Alternatively, you can use it just to get the correlation matrices and
their corresponding p-values (in a tibble
format). Also, note that
if cor.vars
are not specified, all numeric variables will be used.
# for reproducibility
set.seed(123)
# show four digits in a tibble
options(pillar.sigfig = 4)
# getting the correlation coefficient matrix
ggstatsplot::ggcorrmat(
data = iris, # all numeric variables from data will be used
corr.method = "robust",
output = "correlations", # specifying the needed output ("r" or "corr" will also work)

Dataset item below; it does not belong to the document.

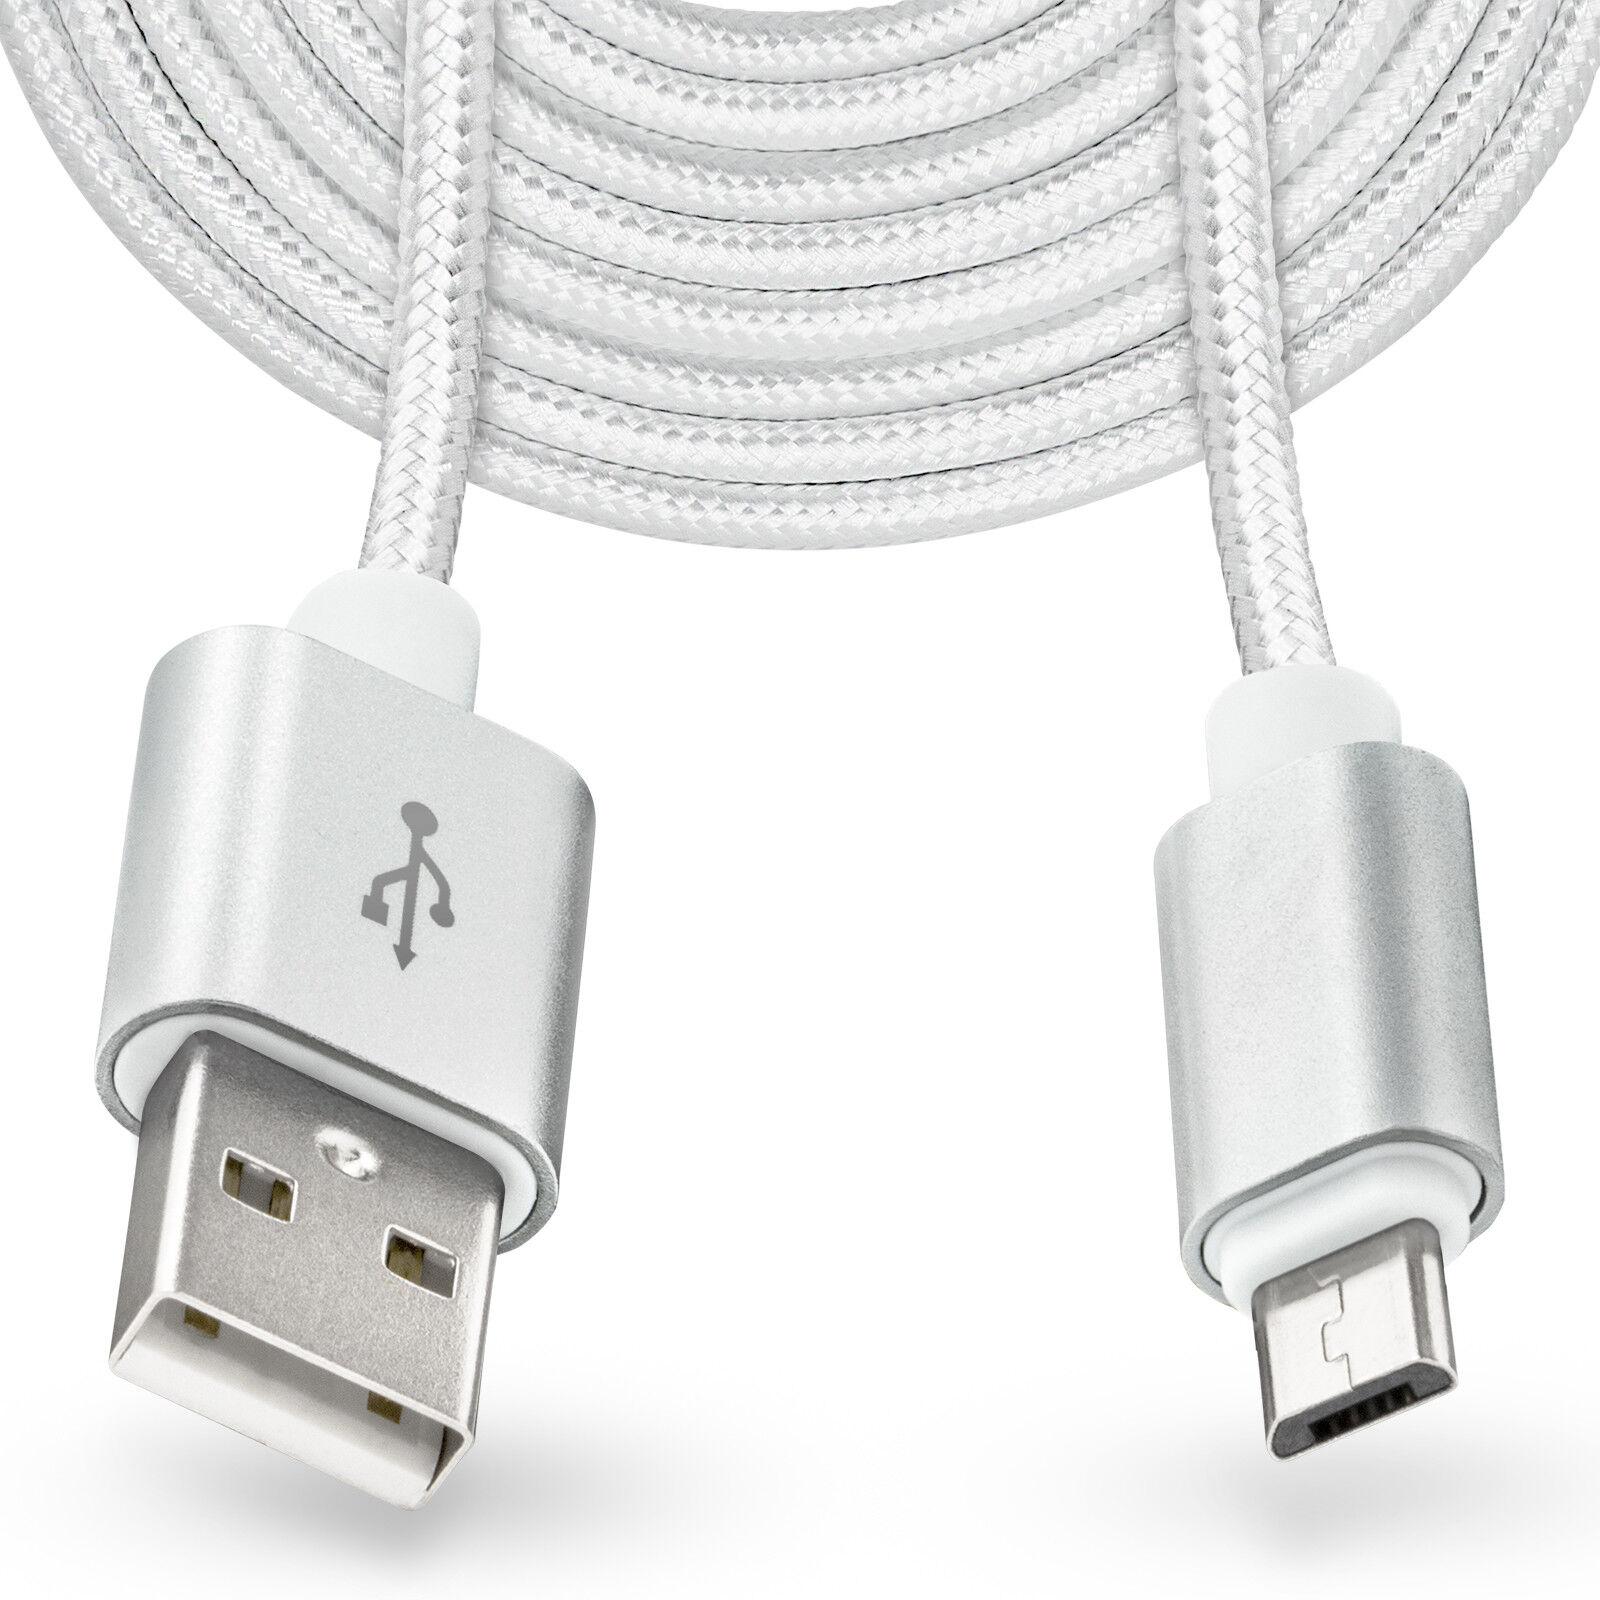 Details zu 3m langes Micro USB Kabel Stecker Ladekabel für Samsung Galaxy S7 S6 Edge Plus

digits = 3 # number of digits to be dispayed for correlation coefficient
)
#> # A tibble: 4 x 5
#> variable Sepal.Length Sepal.Width Petal.Length Petal.Width
#> <chr> <dbl> <dbl> <dbl> <dbl>
#> 1 Sepal.Length 1 -0.143 0.878 0.837
#> 2 Sepal.Width -0.143 1 -0.426 -0.373
#> 3 Petal.Length 0.878 -0.426 1 0.966
#> 4 Petal.Width 0.837 -0.373 0.966 1
# getting the p-value matrix
ggstatsplot::ggcorrmat(
data = ggplot2::msleep,
cor.vars = sleep_total:bodywt,
corr.method = "robust",
output = "p.values", # only "p" or "p-values" will also work
p.adjust.method = "holm"
)
#> # A tibble: 6 x 7
#> variable sleep_total sleep_rem sleep_cycle awake brainwt bodywt
#> <chr> <dbl> <dbl> <dbl> <dbl> <dbl> <dbl>
#> 1 sleep_to~ 0. 5.291e-12 9.138e- 3 0. 3.170e- 5 2.568e- 6
#> 2 sleep_rem 4.070e-13 0. 1.978e- 2 5.291e-12 9.698e- 3 3.762e- 3
#> 3 sleep_cy~ 2.285e- 3 1.978e- 2 0. 9.138e- 3 1.637e- 9 1.696e- 5
#> 4 awake 0. 4.070e-13 2.285e- 3 0. 3.170e- 5 2.568e- 6
#> 5 brainwt 4.528e- 6 4.849e- 3 1.488e-10 4.528e- 6 0. 4.509e-17
#> 6 bodywt 2.568e- 7 7.524e- 4 2.120e- 6 2.568e- 7 3.221e-18 0.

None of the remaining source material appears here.